青彦はなおも蜂に刺された苦しさに倒れたままであった。英子姫と亀彦は進みより、天津祝詞、天の数歌で傷を癒した。
青彦は感謝の念に堪えず、ひれ伏して礼をする。後ろの森林から聞こえる女の声が、三五教への改心を促すと、青彦はウラナイ教をやめて三五教のために働くことを誓った。
悦子姫には、天照大御神が懸っていたのであった。そしてこの場所は、昔この御山に自分が顕現した際に、産釜・産盥と称する天の真名井に禊して、神格を作り上げた旧跡であると明かした。
そして、ここに宮殿を造って自分の御霊を祀るようにと告げた。亀彦は、この谷川に身を清めて御舎を造り、神霊を奉祭して天下泰平国土安穏の祈願所と定めます、と答えた。
天照大御神は満足の意を表して、高津御倉に昇っていった。
三人は大神の神勅を畏みて、谷川に禊して天津祝詞を奏上し、忌鋤、忌斧を作って宮殿を造営し、百日百夜を経て工を終えた。そして天照大御神の神霊を招き奉り、鎮座式を奉仕した。これが伊勢神宮宮殿造営の嚆矢である。

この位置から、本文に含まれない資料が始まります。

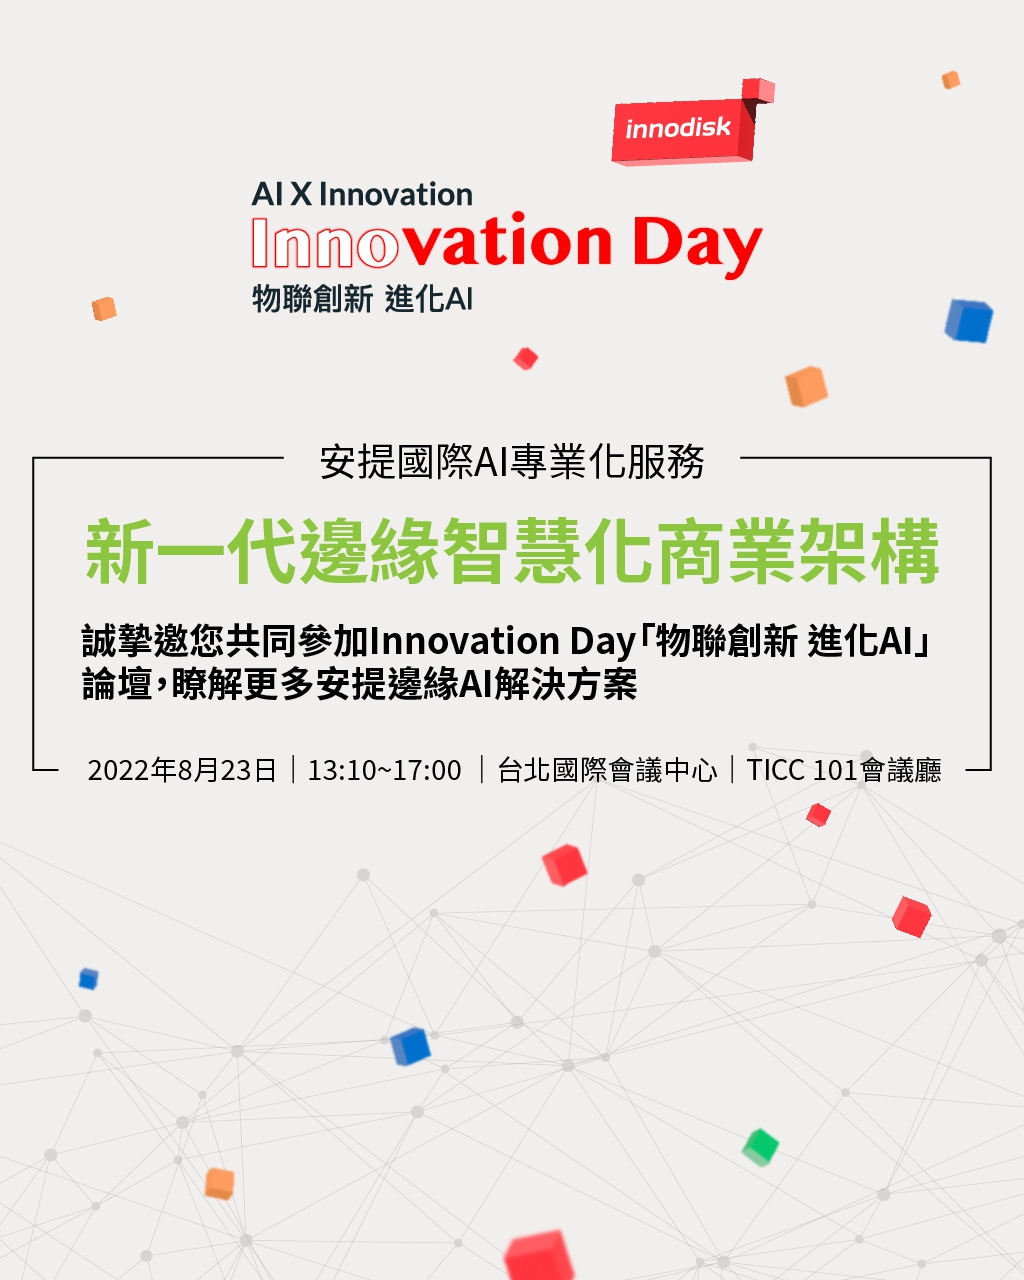 誠摯邀您共同參加Innovation Day「物聯創新 進化AI」論壇，瞭解更多安提邊緣AI解決方案

これは今の丹後の元伊勢であり、この谷川を宮川と称える。この因縁により、大本開祖は明治三十四年旧三月八日、信徒を引き連れてこの場に禊を修したのであった。
産盥、産釜の清水は竜宮館の金明水に注ぎいれられた。次いで明治三十四年旧六月八日、沓島の山頂から大海原に向かって注ぎいれられた。これも天下修斎の大神業の一端と推察せらるるのである。